Supplied entries
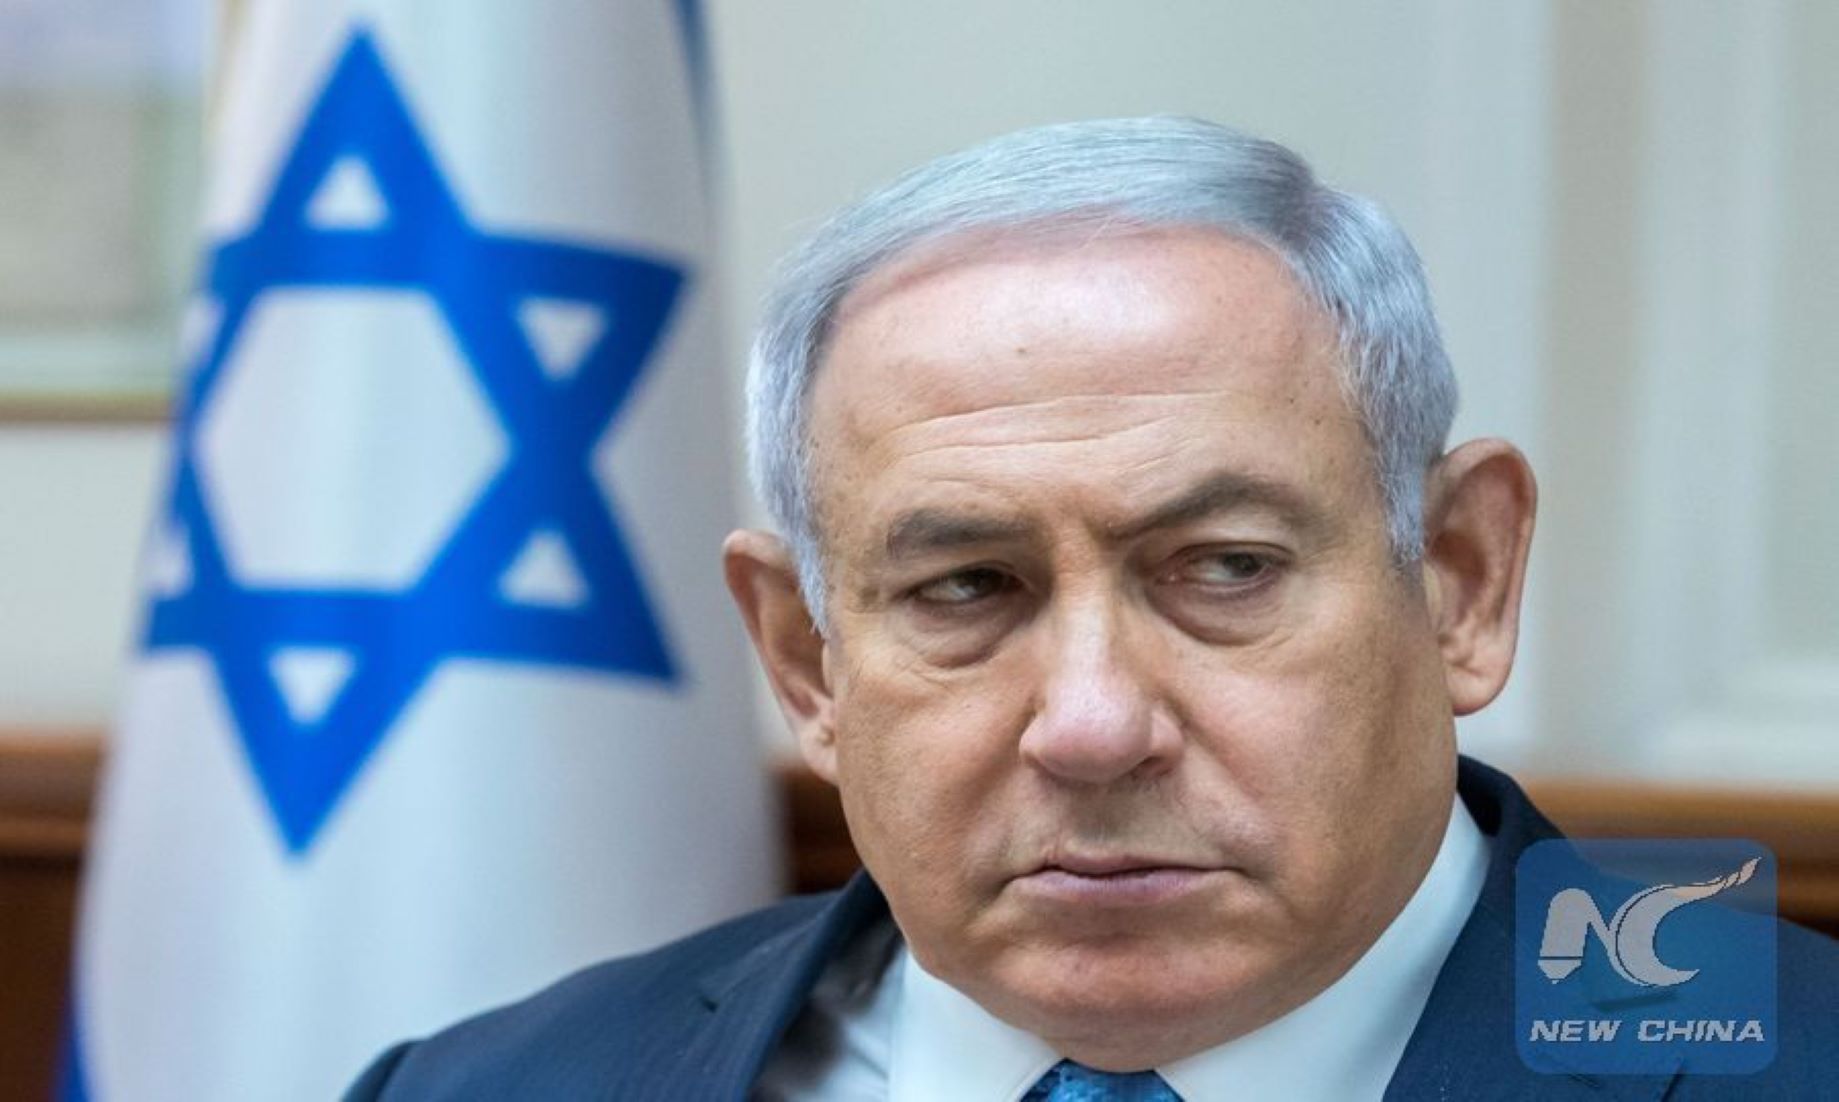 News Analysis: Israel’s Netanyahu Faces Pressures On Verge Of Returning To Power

---

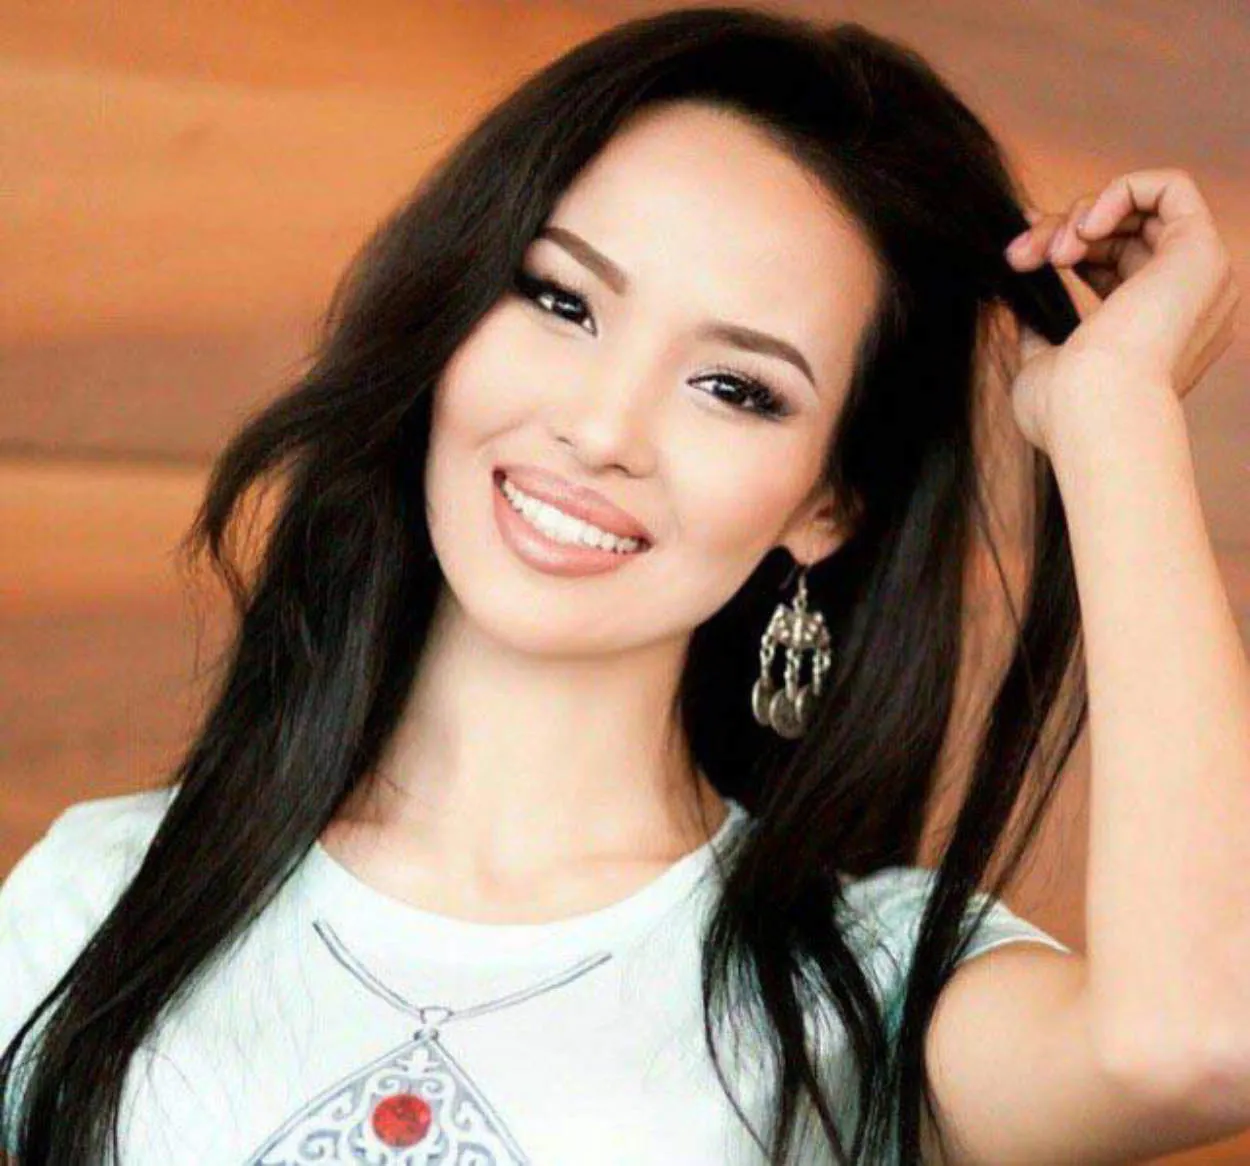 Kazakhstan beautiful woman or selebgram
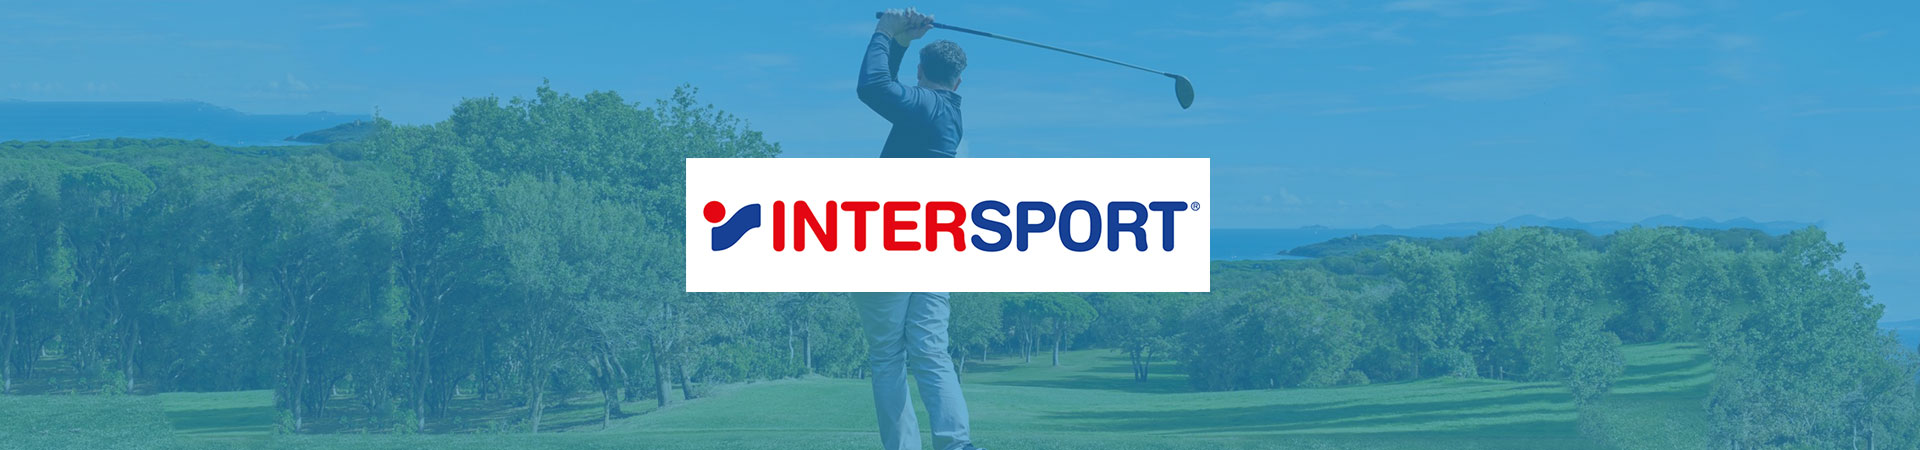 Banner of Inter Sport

Work task
In the listing above, the required lines run from the line with "Kazakhstan beautiful woman or selebgram" through the line with "Banner of Inter Sport". Output exactly those lines, omitting pictures.

Exercise output
 Kazakhstan beautiful woman or selebgram
 Banner of Inter Sport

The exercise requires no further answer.